Nanoparticles have become increasingly useful in the fields of drug delivery and biosensing. In these applications, nanoparticles are frequently exposed to biological fluids, where proteins will spontaneously adsorb to the nanoparticle surface when exposed to a mixture of proteins. This project aims to present a predictive host-guest system for quantifying each residue’s contribution to nanoparticle binding. Initial studies revealed that lysine at position 13 plays a crucial role in the adsorption of GB3 to 15 nm citrate-coated spherical gold nanoparticles (AuNPs).

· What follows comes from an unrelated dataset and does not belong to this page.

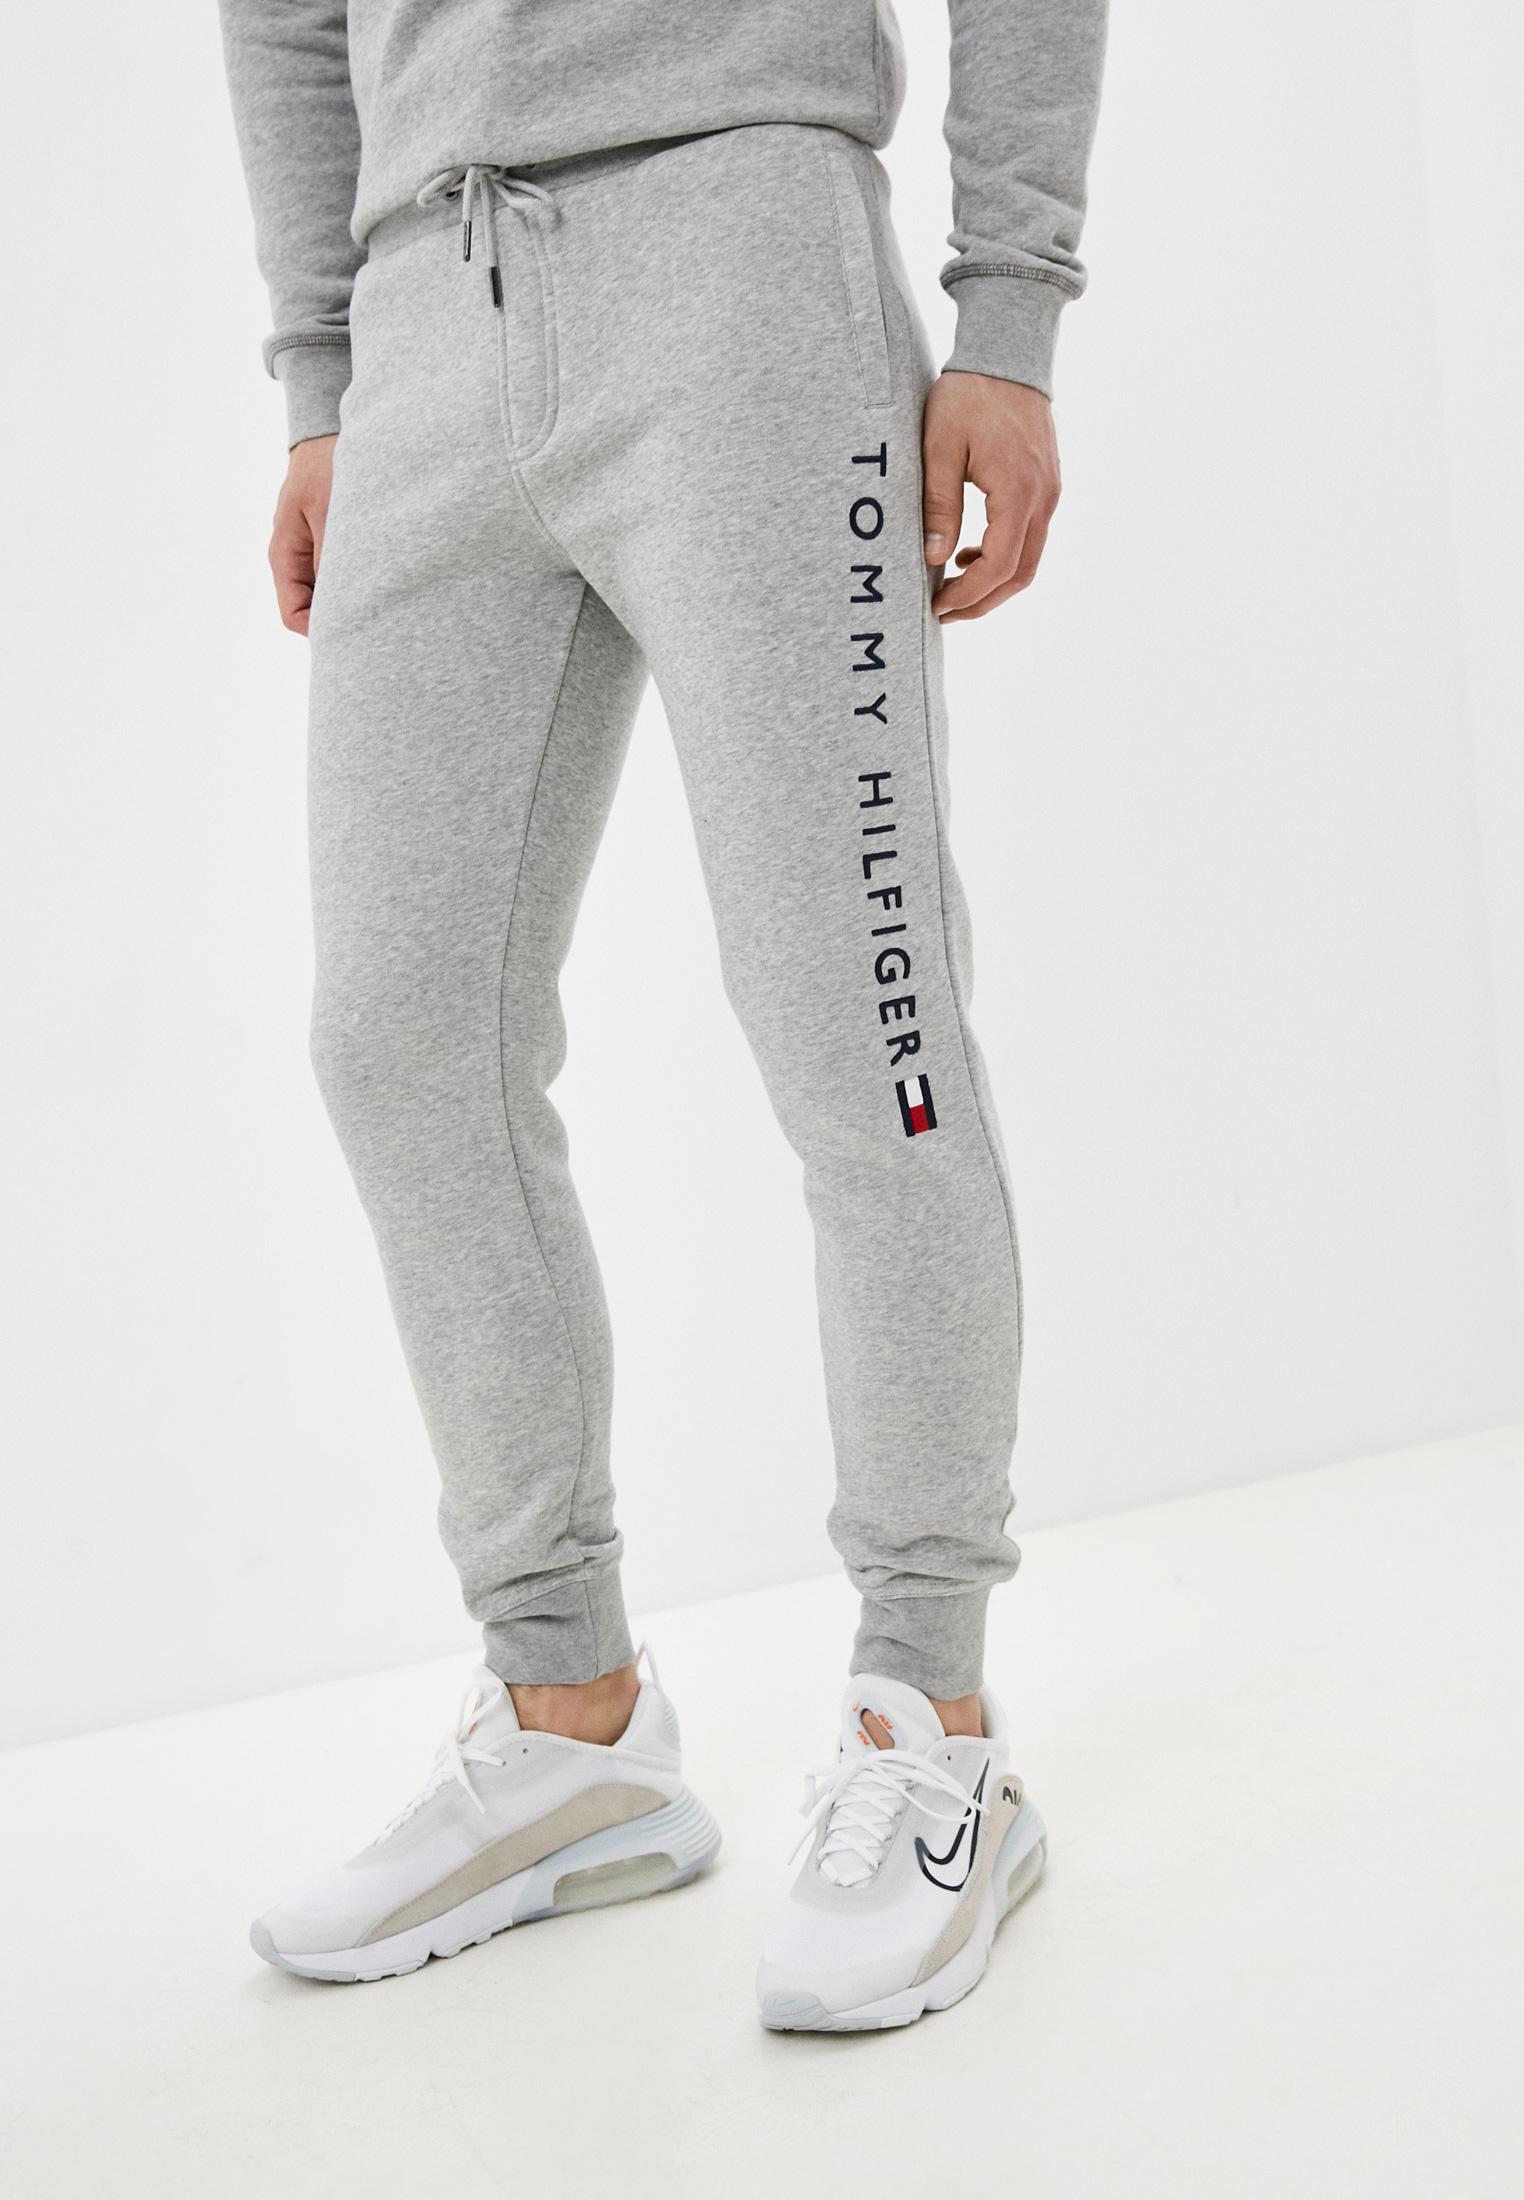 Мужские спортивные брюки Tommy Hilfiger (Томми Хилфигер) MW0MW18485

Therefore, we have constructed a library of K13X GB3 variants, and our initial findings confirm that basic residues (Arg) interact more favorably with AuNPs than other polar (Asn) and acidic side (Glu) chains, and a rank-ordering of side-chain affinity for AuNP surfaces could be inferred in further studies. A simple mechanism can be used to interpret these rankings with respect to thermodynamic vs. kinetic control in future studies.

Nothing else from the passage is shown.